Please indicate the source if you want to reprint: http://blog.csdn.net/gaoxiangnumber1.
5.7 Understanding Modern Processors
Modern microprocessors’ actual operation is far different from the view that is perceived by looking at machine-level programs. At the code level, it appears as if instructions are executed one at a time, where each instruction involves fetching values from registers or memory, performing an operation, and storing results back to a register or memory location. In the actual processor, a number of instructions are evaluated simultaneously, referred to as instruction-level parallelism. Complex mechanisms are employed to make sure the behavior of this parallel execution exactly captures the sequential semantic model required by the machine-level program. This is one of the remarkable feats of modern microprocessors: they employ complex and exotic microarchitectures, in which multiple instructions can be executed in parallel, while presenting an operational view of simple sequential instruction execution.

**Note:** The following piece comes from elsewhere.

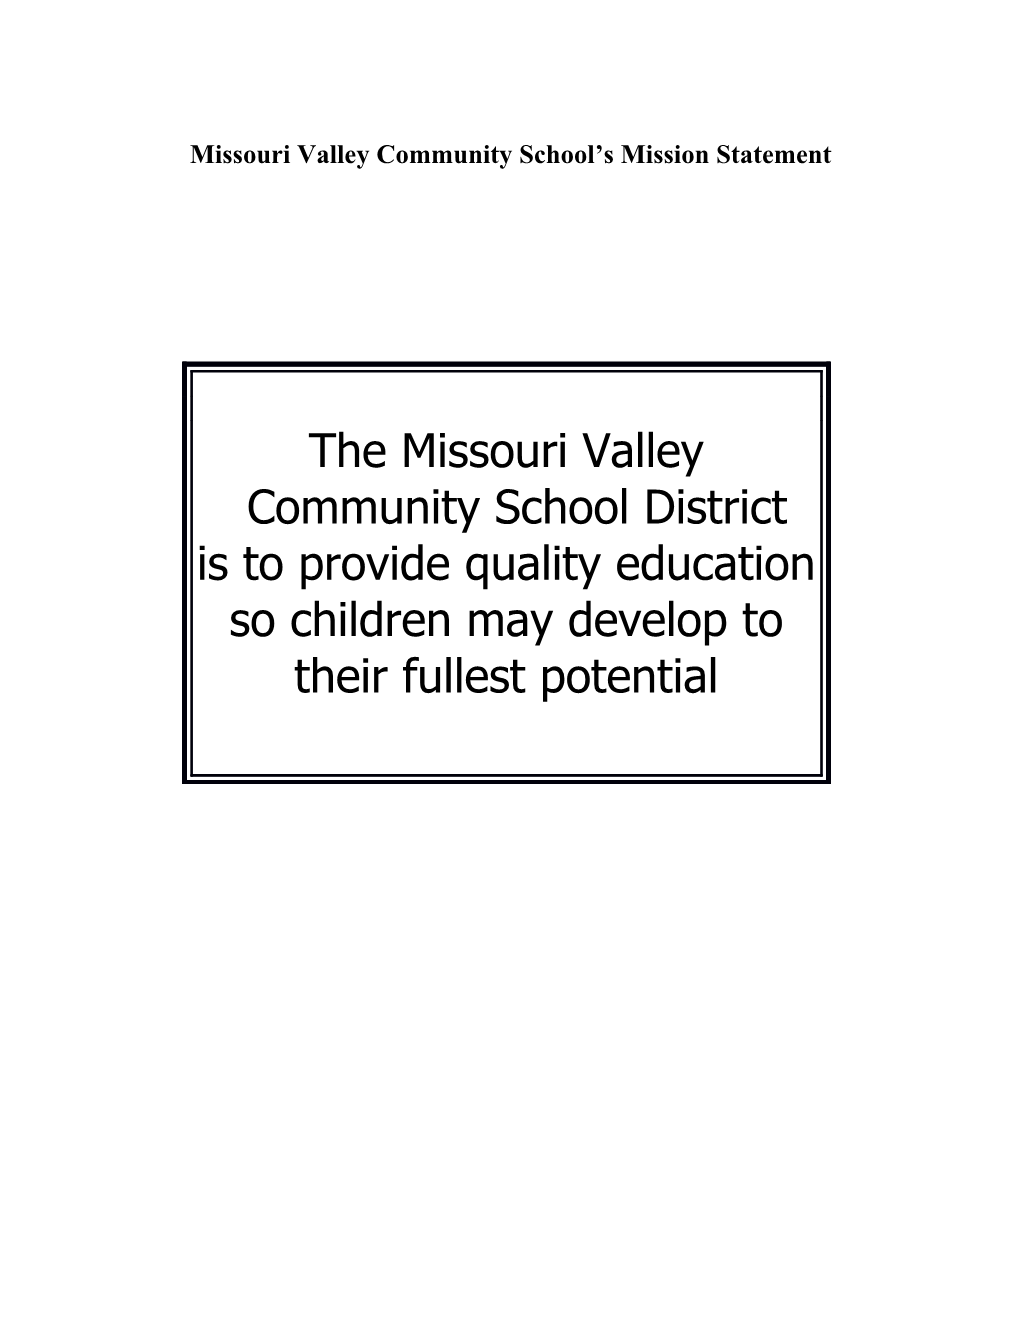 The Missouri Valley Community School District

There are two different lower bounds characterize the maximum performance of a program. The latency bound is encountered when a series of operations must be performed in strict sequence, because the result of one operation is required before the next one can begin. This bound can limit program performance when the data dependencies in the code limit the ability of the processor to exploit instruction-level parallelism. The throughput bound characterizes the raw computing capacity of the processor’s functional units. This bound becomes the ultimate limit on program performance.
5.7.1 Overall Operation
Our processor design is based on the structure of the Intel Core i7 processor design. It is described as being superscalar, which means it can perform multiple operations on every clock cycle, and out-of-order, meaning that the order in which instructions execute need not correspond to their ordering in the machine-level program.
The overall design has two main parts: the instruction control unit (ICU), which is responsible for reading a sequence of instructions from memory and generating from these a set of primitive operations to perform on program data, and the execution unit (EU), which then executes these operations.

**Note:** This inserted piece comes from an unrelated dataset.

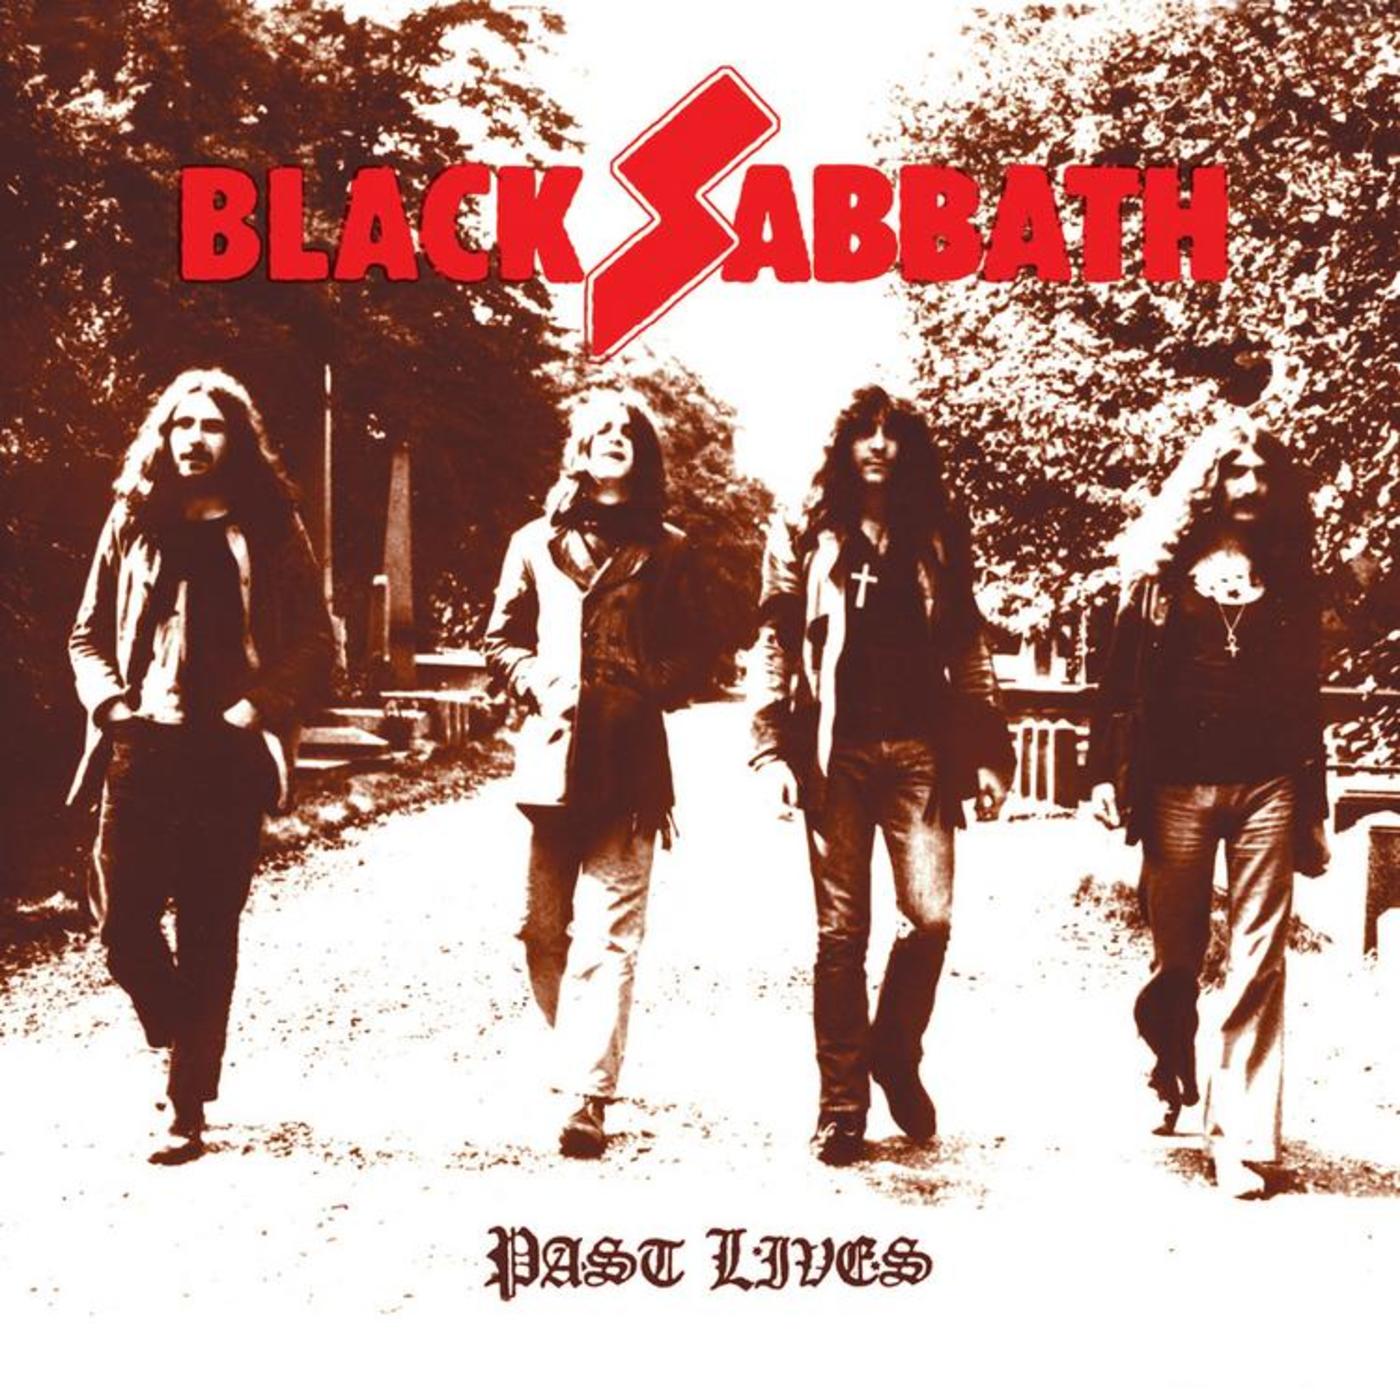 限定割引2CD！Black Sabbath / Past Lives - Deluxe 洋楽

The ICU reads the instructions from an instruction cache—a special high-speed memory containing the most recently accessed instructions. In general, the ICU fetches well ahead of the currently executing instructions, so that it has enough time to decode these and send operations down to the EU.
One problem is that when a program hits a branch, there are two possible directions the program might go. Modern processors employ branch prediction technique, in which they guess whether or not a branch will be taken and also predict the target address for the branch. So the processor begins fetching and decoding instructions at where it predicts the branch will go, and even begins executing these operations before it has been determined whether or not the branch prediction was correct.
If it later determines that the branch was predicted incorrectly, it resets the state to that at the branch point and begins fetching and executing instructions in the other direction. The block labeled “Fetch control” incorporates branch prediction to perform the task of determining which instructions to fetch.
The instruction decoding logic takes the actual program instructions and converts them into a set of primitive operations which performs some simple computational task such as adding two numbers, reading data from memory, or writing data to memory. For machines with complex instructions(x86 and so on), an instruction can be decoded into a variable number of operations. This decoding splits instructions to allow a division of labor among a set of dedicated hardware units. These units can then execute the different parts of multiple instructions in parallel.
The EU receives operations from the instruction fetch unit. Typically, it can receive a number of them on each clock cycle. These operations are dispatched to a set of functional units that perform the actual operations. These functional units are specialized to handle specific types of operations. Our figure illustrates a typical set of functional units, based on those of the Intel Core i7. Three functional units are dedicated to computation, while the remaining two are for reading (load) and writing (store) memory. Each computational unit can perform multiple different operations: all can perform at least basic integer operations, such as addition and bit-wise logical operations. Floating-point operations and integer multiplication require more complex hardware, and so these can only be handled by specific functional units.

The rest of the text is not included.